To be nice for a moment, The Gray Man is packed to the gills with action. Where so many tentpoles are talkies with big set pieces at the exact beginning, middle and end, The Gray Man never stops bringing the goods from the word “go.” The film is never realistic or serious, and as inappropriate as the poor craftsmanship is, it won’t get in the way of a good time.
Screaming in from a third direction at twice the speed limit with his head buried in is phone is series author Mark Greaney, the espionage writer who has spat out 11 “Gray Man” books since 2009 while co-writing seven Jack Ryan books with Tom Clancy during that timeframe. Browsing through the covers of the 500-page tomes that apparently take less than a year to write, each with the same stilted “I love The Gray Man” endorsement on their covers, is what really makes the joke clear.
Everyone in charge is talking about “The Gray Man universe,” for which a sequel and spinoff have already been approved, like a crypto currency project, an asset completely divorced from its function for which mere existence is the point, and its existence is the point, for people to stumble onto perusing Netflix or grab from the impulse isle of a bookstore, whatever those look like these days.

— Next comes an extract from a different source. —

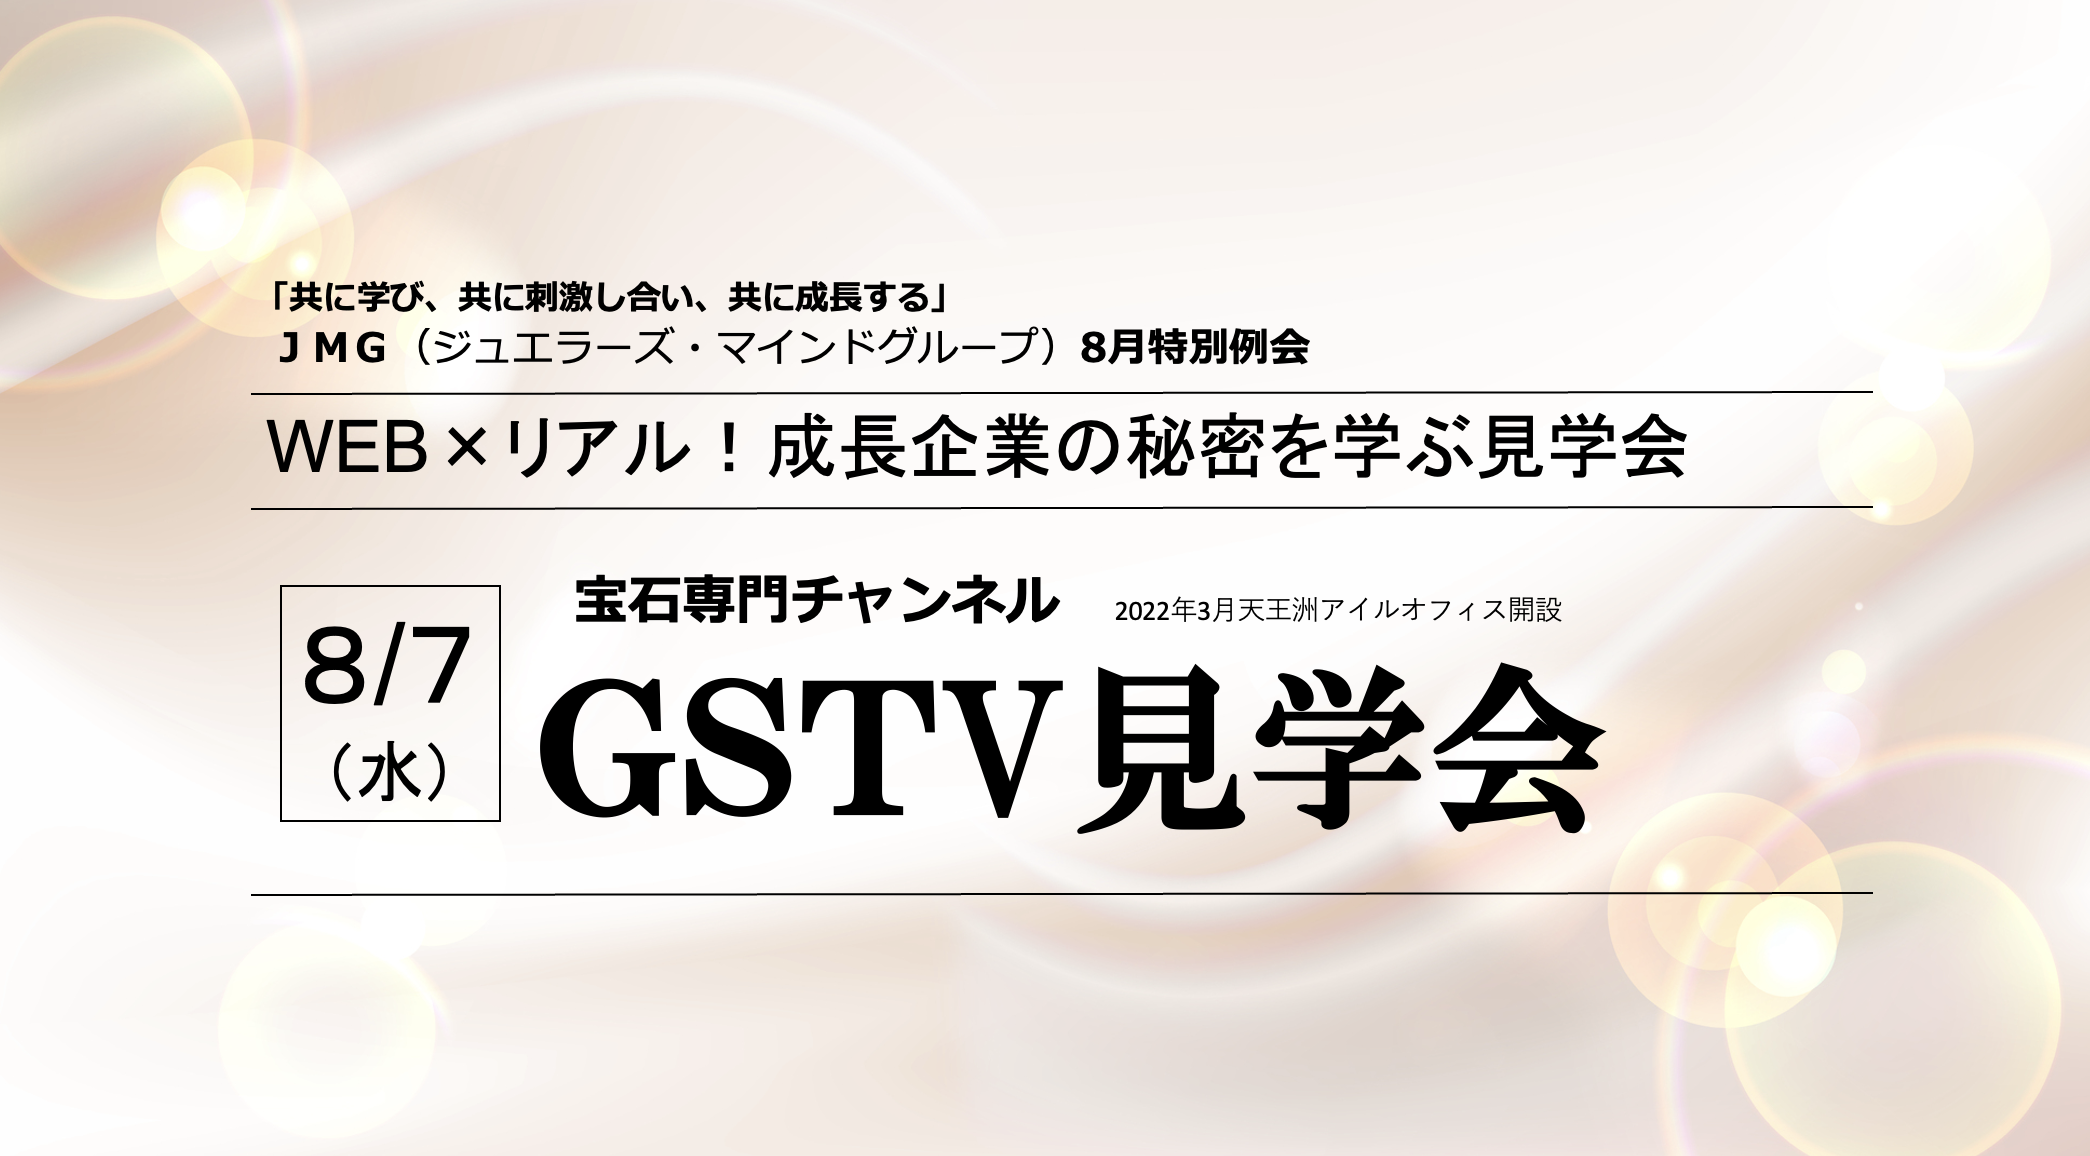 GSTV見学会＠PR現代

For the Russo brothers, what can you say? These guys directed the biggest movie of all time just three years ago, but it and the other blockbusters they made for Disney were meant just as much as The Gray Man to disappear into a thick mist of “content,” and they’ve been married to streaming services ever since. They held out for $200 million to make this, this is the movie they were free to make and wanted to make, and it’s a real pile of crap.